# 32Bhds Water Pump?



## Trish (Jul 26, 2009)

Hi ..

My wife and I purchased a 2007 32BHDS this year and I am curious as to where the water pump is located? I will be winterizing in the next few weeks and want to know where it is as to pump my anti freeze through my lines. Hope someone can help us out


----------



## jozway (Jan 28, 2008)

It is under the step on the slide side of the queen bed up front. Use some pliers to pull up on the carpet and the pump is underneath that.


----------



## Sayonara (Jul 23, 2007)

jozway said:


> It is under the step on the slide side of the queen bed up front. Use some pliers to pull up on the carpet and the pump is underneath that.

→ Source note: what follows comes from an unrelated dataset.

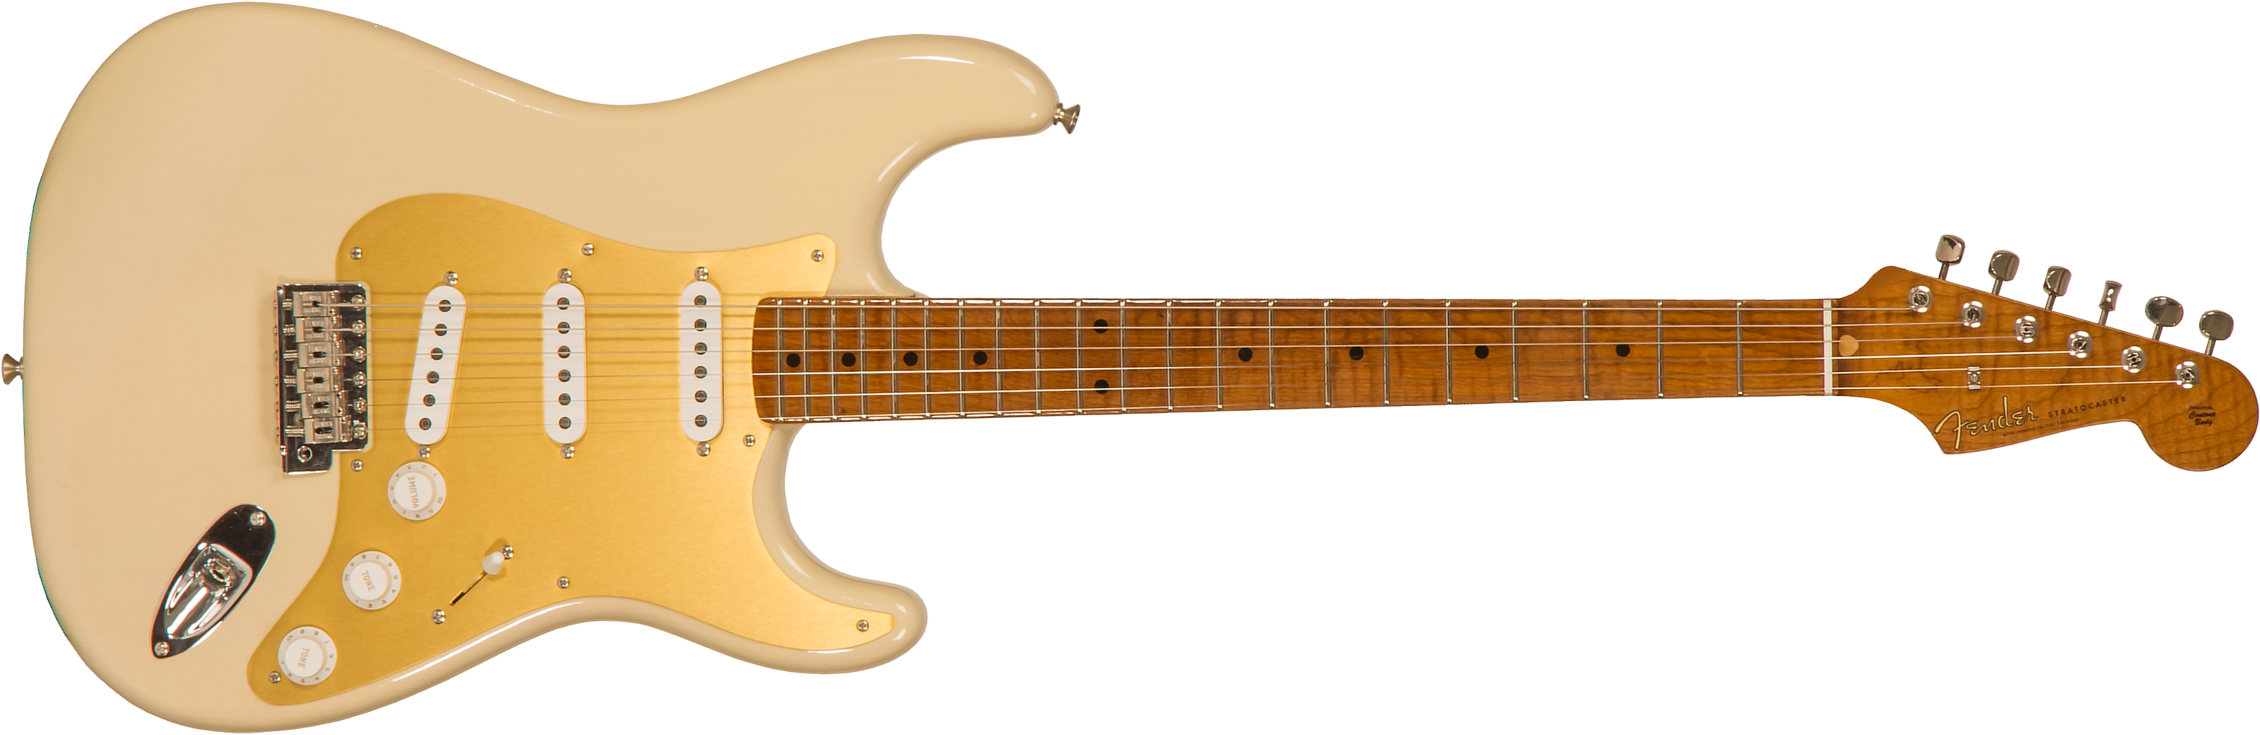 Fender Custom Shop Strat 1957 3s Trem Mn #r116646 - Lush Closet Classic Vintage Blonde - E-Gitarre in Str-Form - Main picture
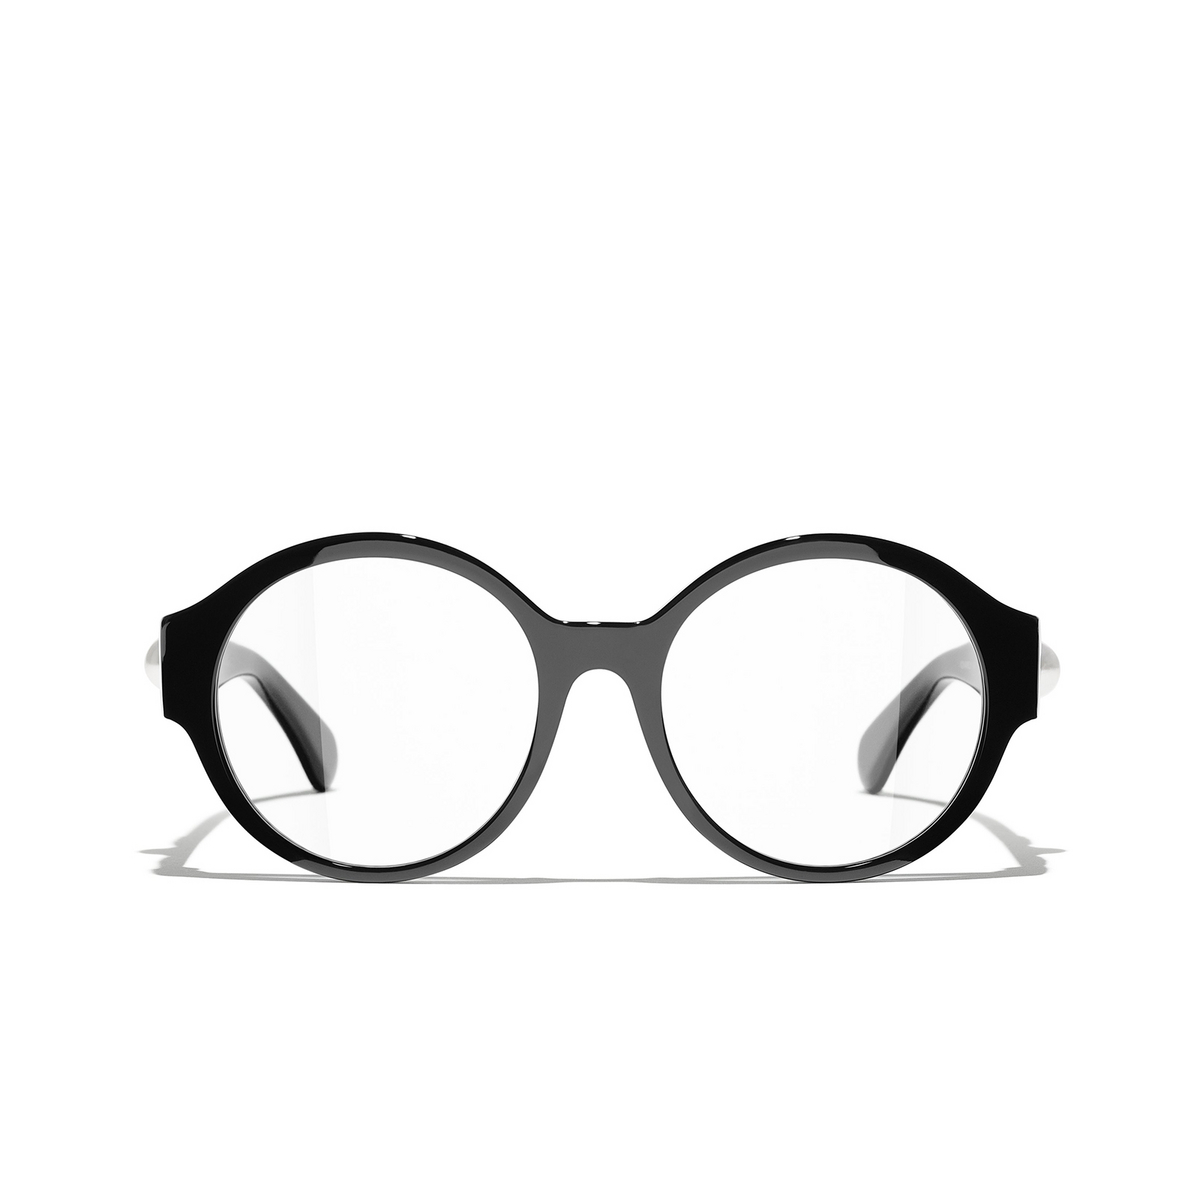 CHANEL round Eyeglasses C622 Black - front view

X2. the top surface of the step (carpet and wood) will open towards the front.


----------



## Rob_G (Feb 16, 2006)

Was this purchased from a private seller? If not, I'm really surprised that this wasn't shown on the dealer walk through!


----------



## Trish (Jul 26, 2009)

Hi ..

Yes it was purchased through a private seller. Being that my wife and I ae new to the TT game I didn't ask where it was located so I could winterize it through the pump. So much to learn with a new trailer









[


----------



## Rob_G (Feb 16, 2006)

Well I'll tell you what. You came to the right place for questions!


----------